# ASSIGNMENT:
An exact copy of the listing is required, with its pictures removed.

# INFORMATION SUPPLIED:
+++++
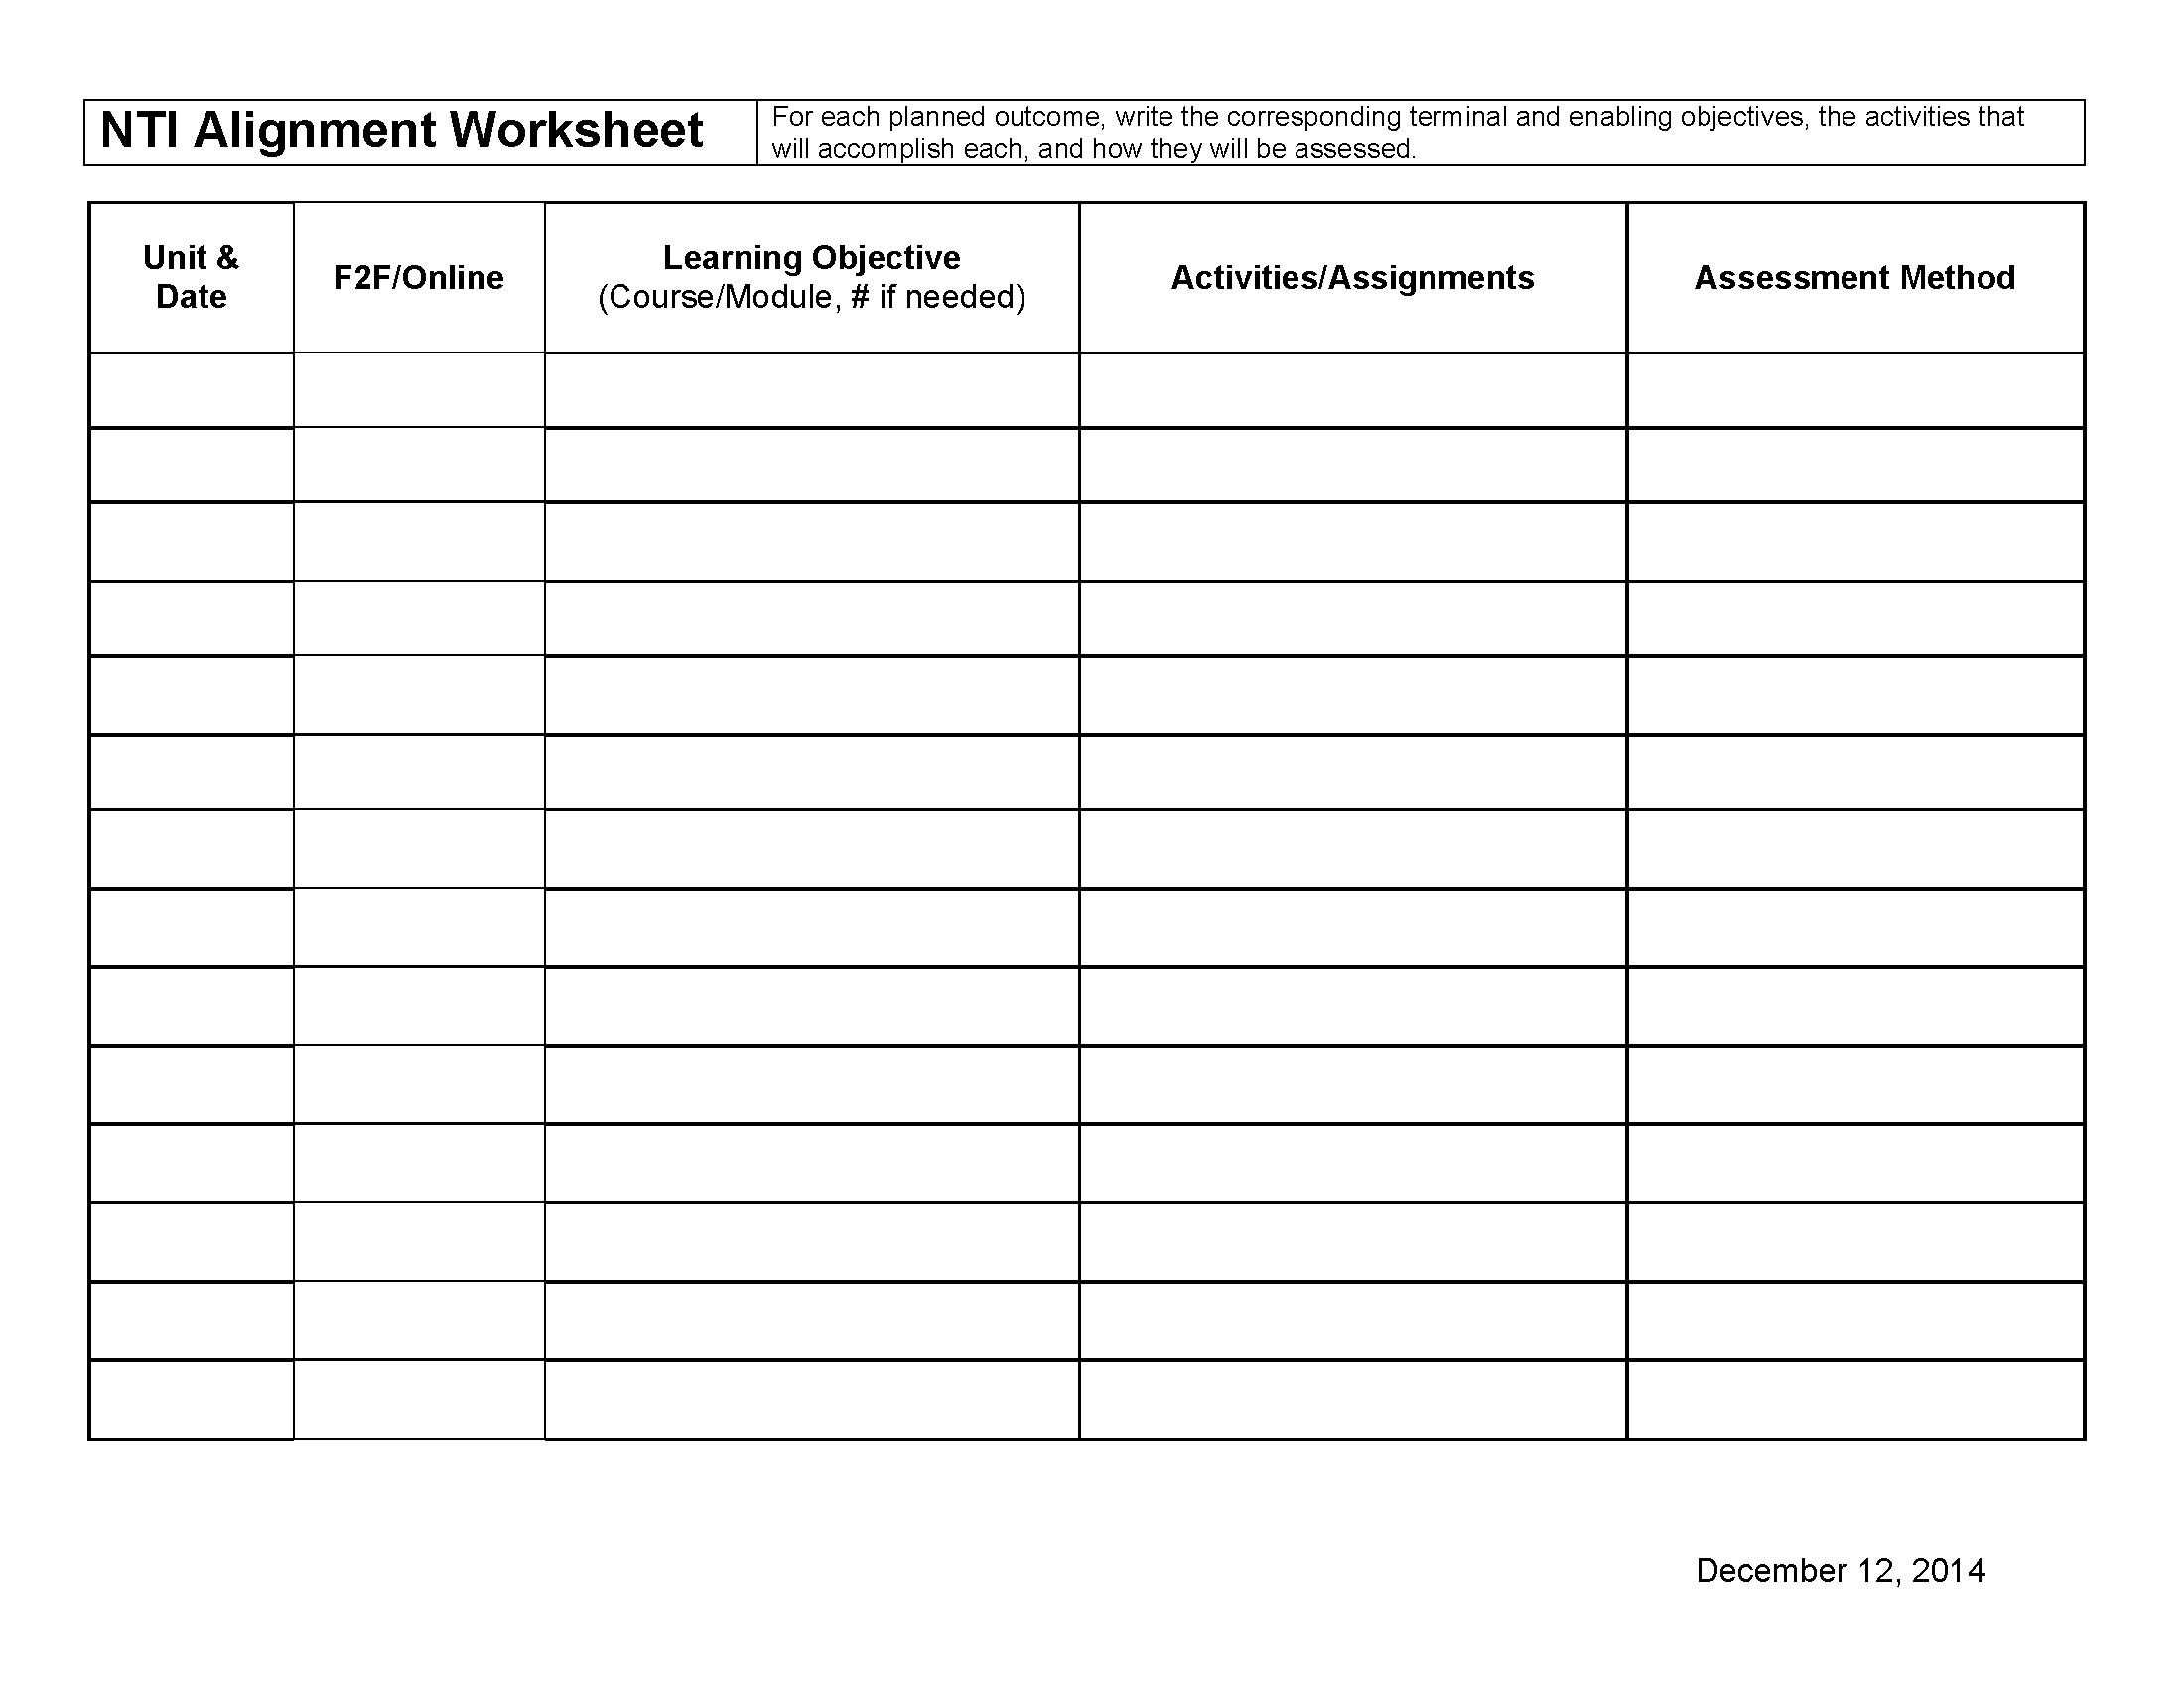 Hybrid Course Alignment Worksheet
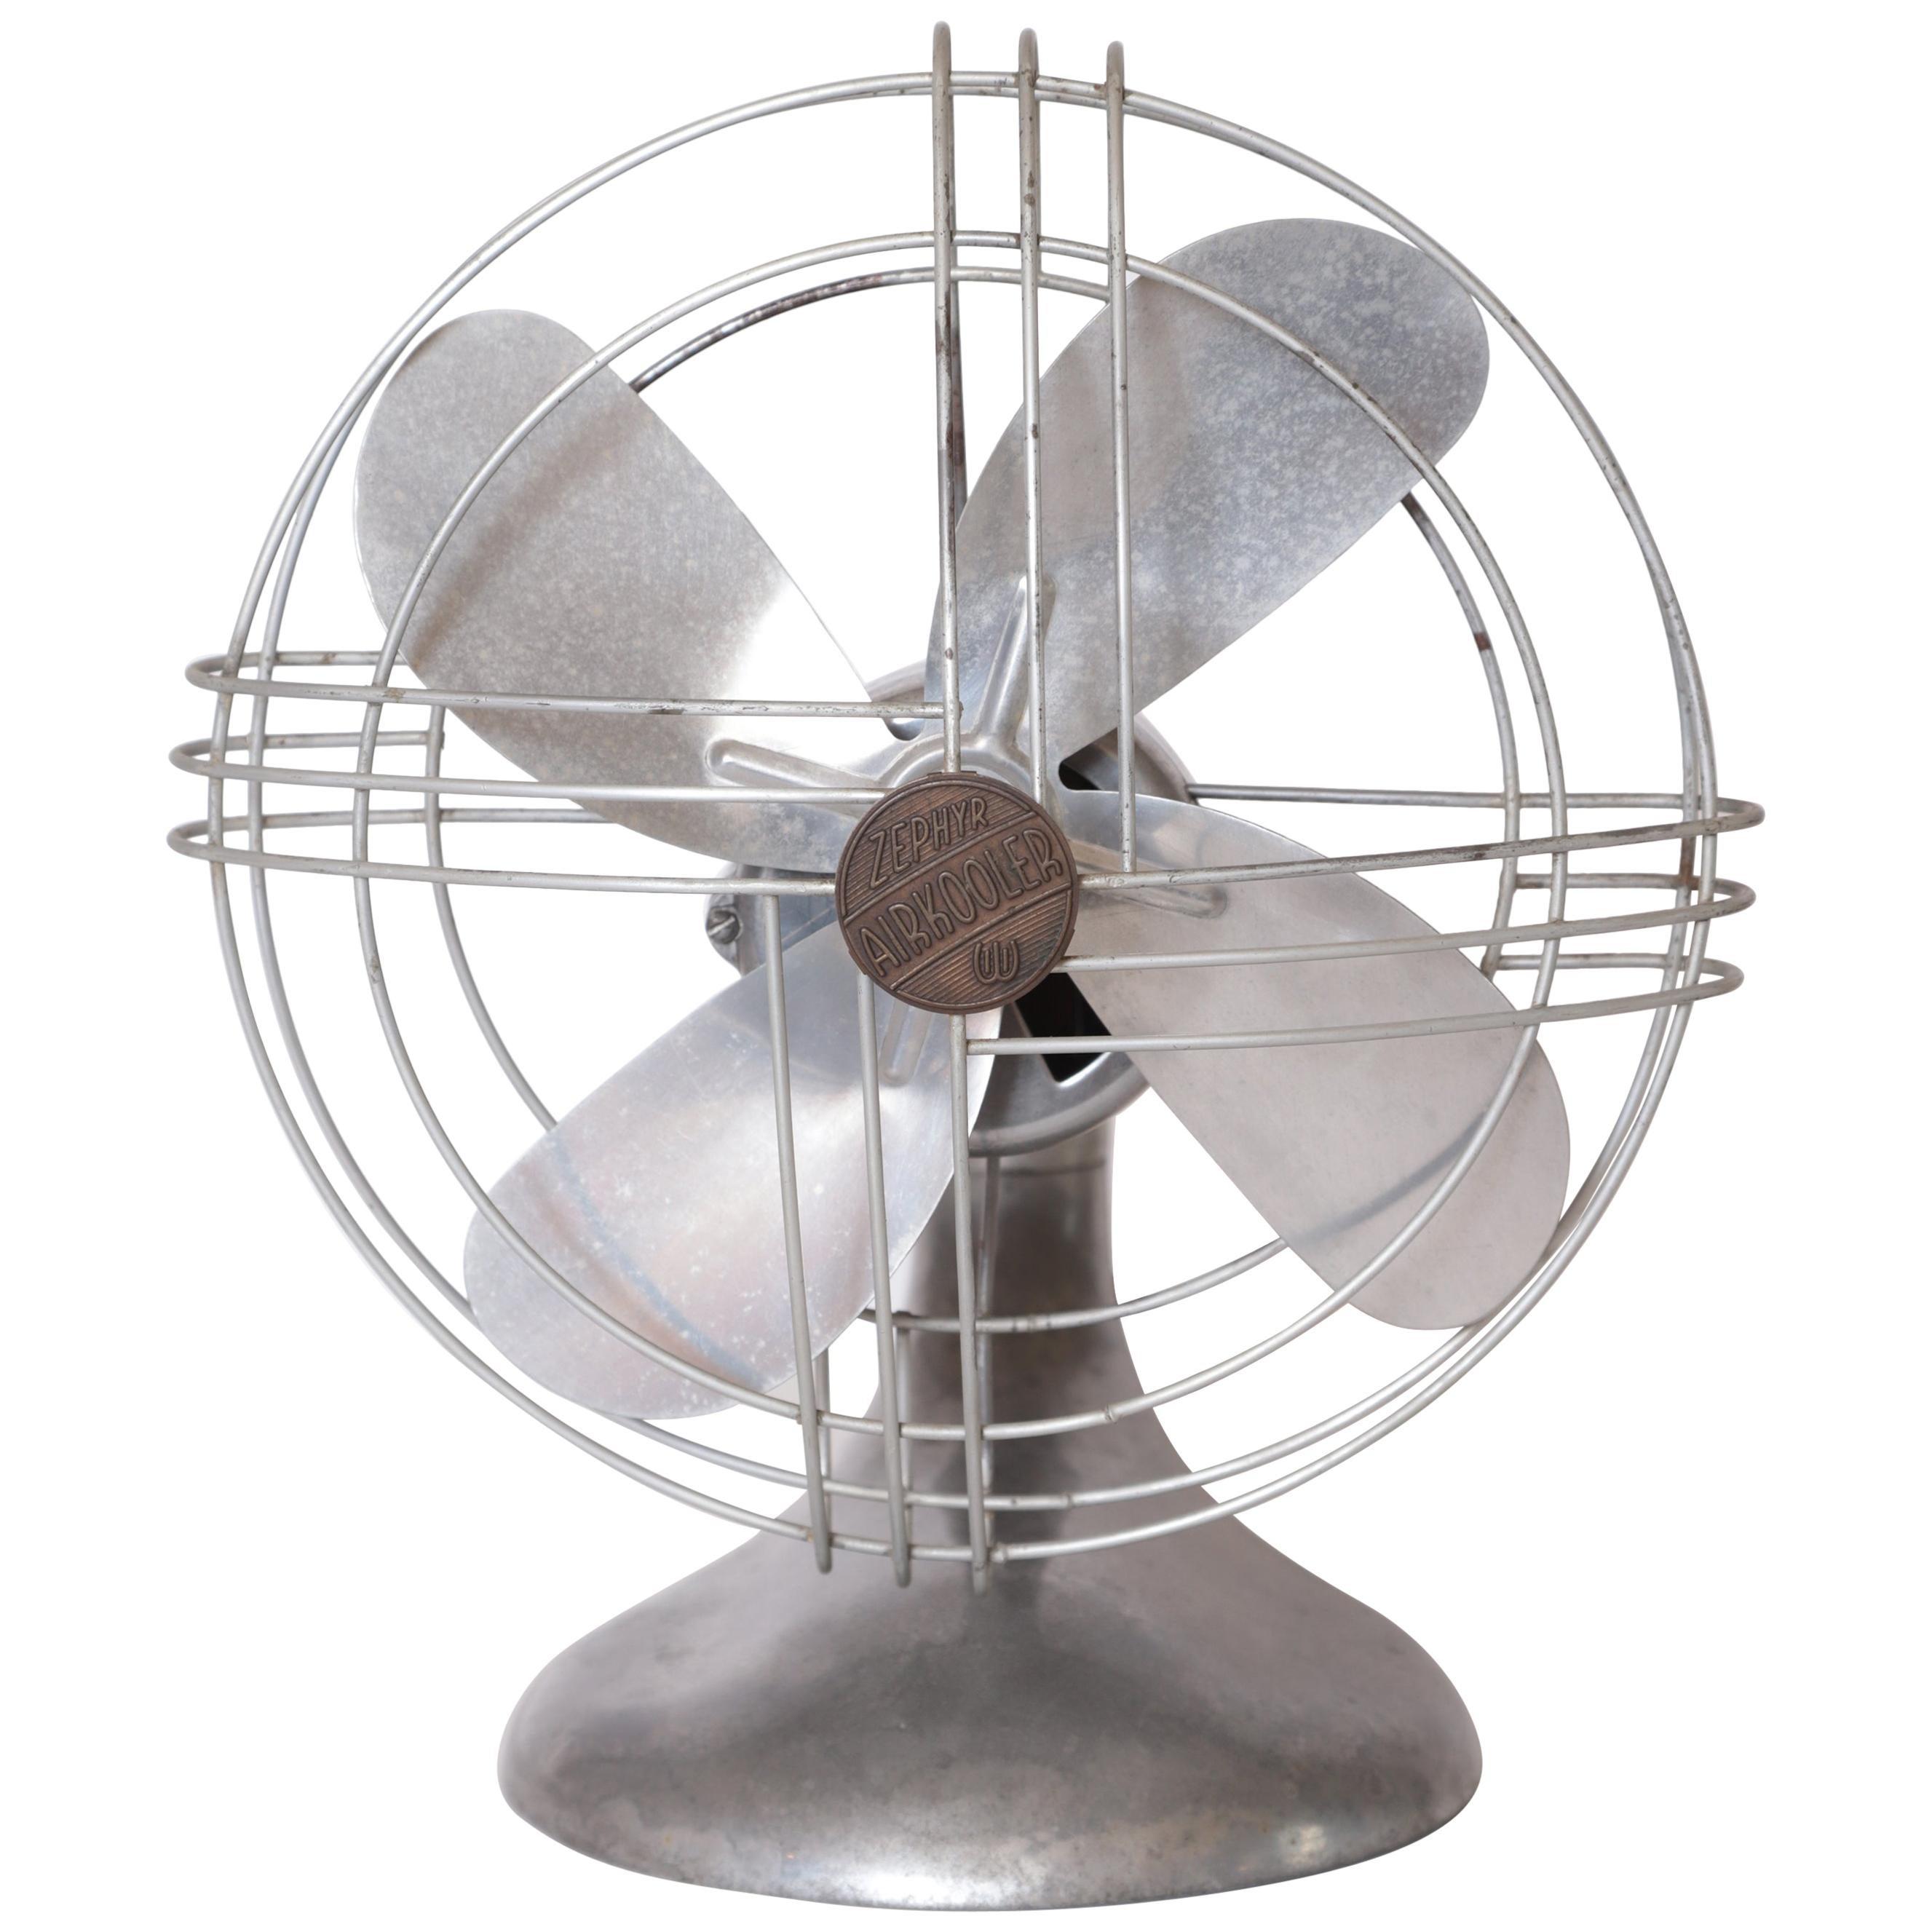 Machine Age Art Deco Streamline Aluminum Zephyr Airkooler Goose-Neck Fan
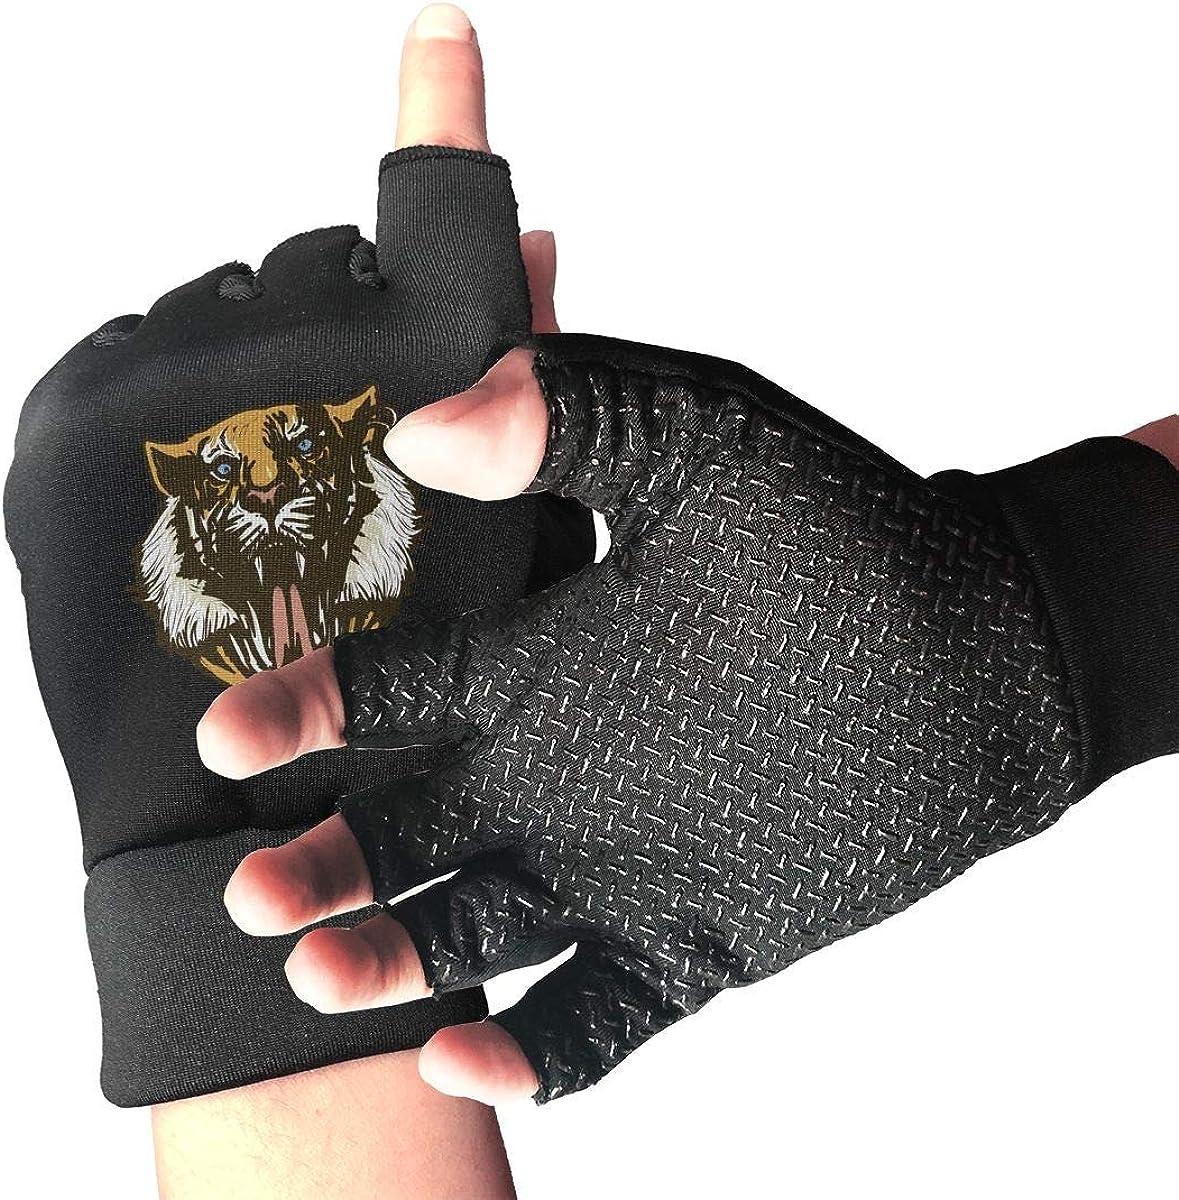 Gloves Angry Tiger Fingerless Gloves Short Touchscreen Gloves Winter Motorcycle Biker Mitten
+++++
# YOUR SOLUTION:
 Hybrid Course Alignment Worksheet
 Machine Age Art Deco Streamline Aluminum Zephyr Airkooler Goose-Neck Fan
 Gloves Angry Tiger Fingerless Gloves Short Touchscreen Gloves Winter Motorcycle Biker Mitten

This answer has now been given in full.